Programmatic synthetic data helps developers in many ways. A few examples include helping them protect sensitive data, comply with data protection regulations like GDPR and HIPAA, increase data availability between teams, create more data to train, test and validate machine learning models and address data imbalance issues by creating more records for underrepresented groups or classes.
Betterdata’s funding will be used on its product launch and to enhance its programmable synthetic data tech stack, including support for single-table, multi-table and time-series datasets. These are different variations of tabular datasets and Yee explains that the main differences are their structures and the problems thy are created to address.
For example, single-table datasets focus on standalone tables, while multi-table datasets are meant to consider relationships between multiple tables, and time-series datasets deal with data collected over time.
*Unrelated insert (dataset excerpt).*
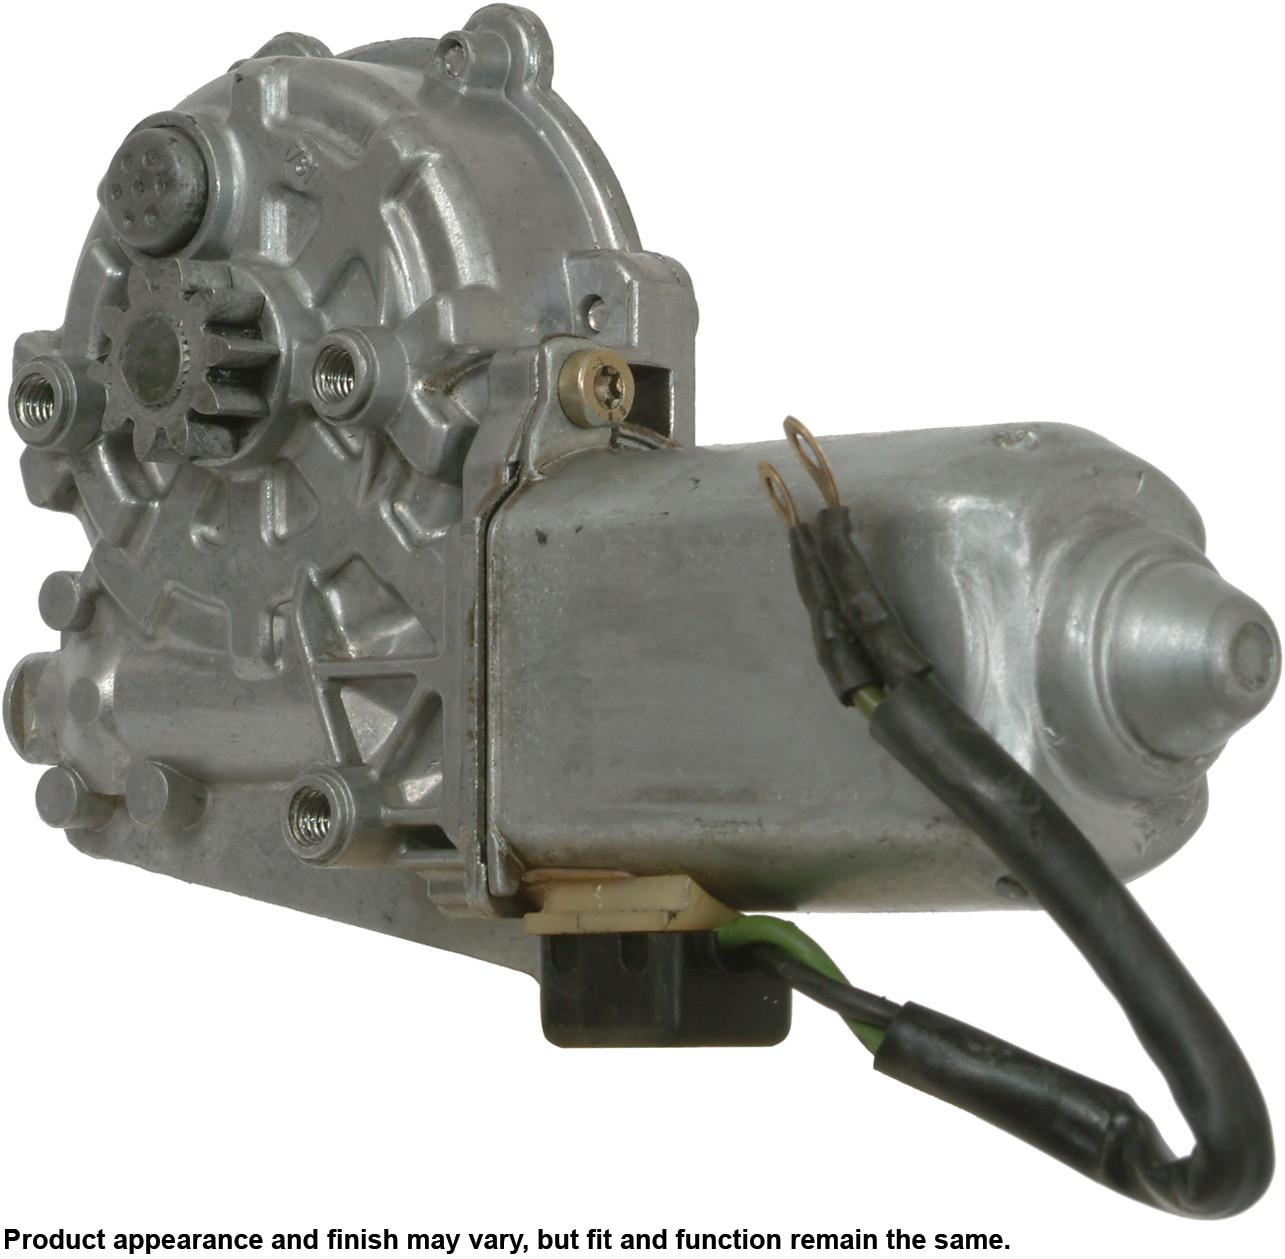 Imagen de Motor de Ventana eléctrica para Mercedes-Benz 190E 1986 1989 Marca CARDONE Remanufacturado Número de Parte 47-34001

Betterdata also plans to hire more people, including sales and marketing employees, and expand beyond Singapore to more of the Asia-Pacific region over the next one to two years.
In a statement about Investible’s investment, principal Khairu Rejal said, “Betterdata solves one of the biggest issues the AI industry is facing today: lack of high-quality data that also meets privacy requirements. Through its powerful platform, Betterdata generates synthetic data that mimics real-world data without compromising quality and privacy, helping businesses meet global compliance and privacy laws at scale.”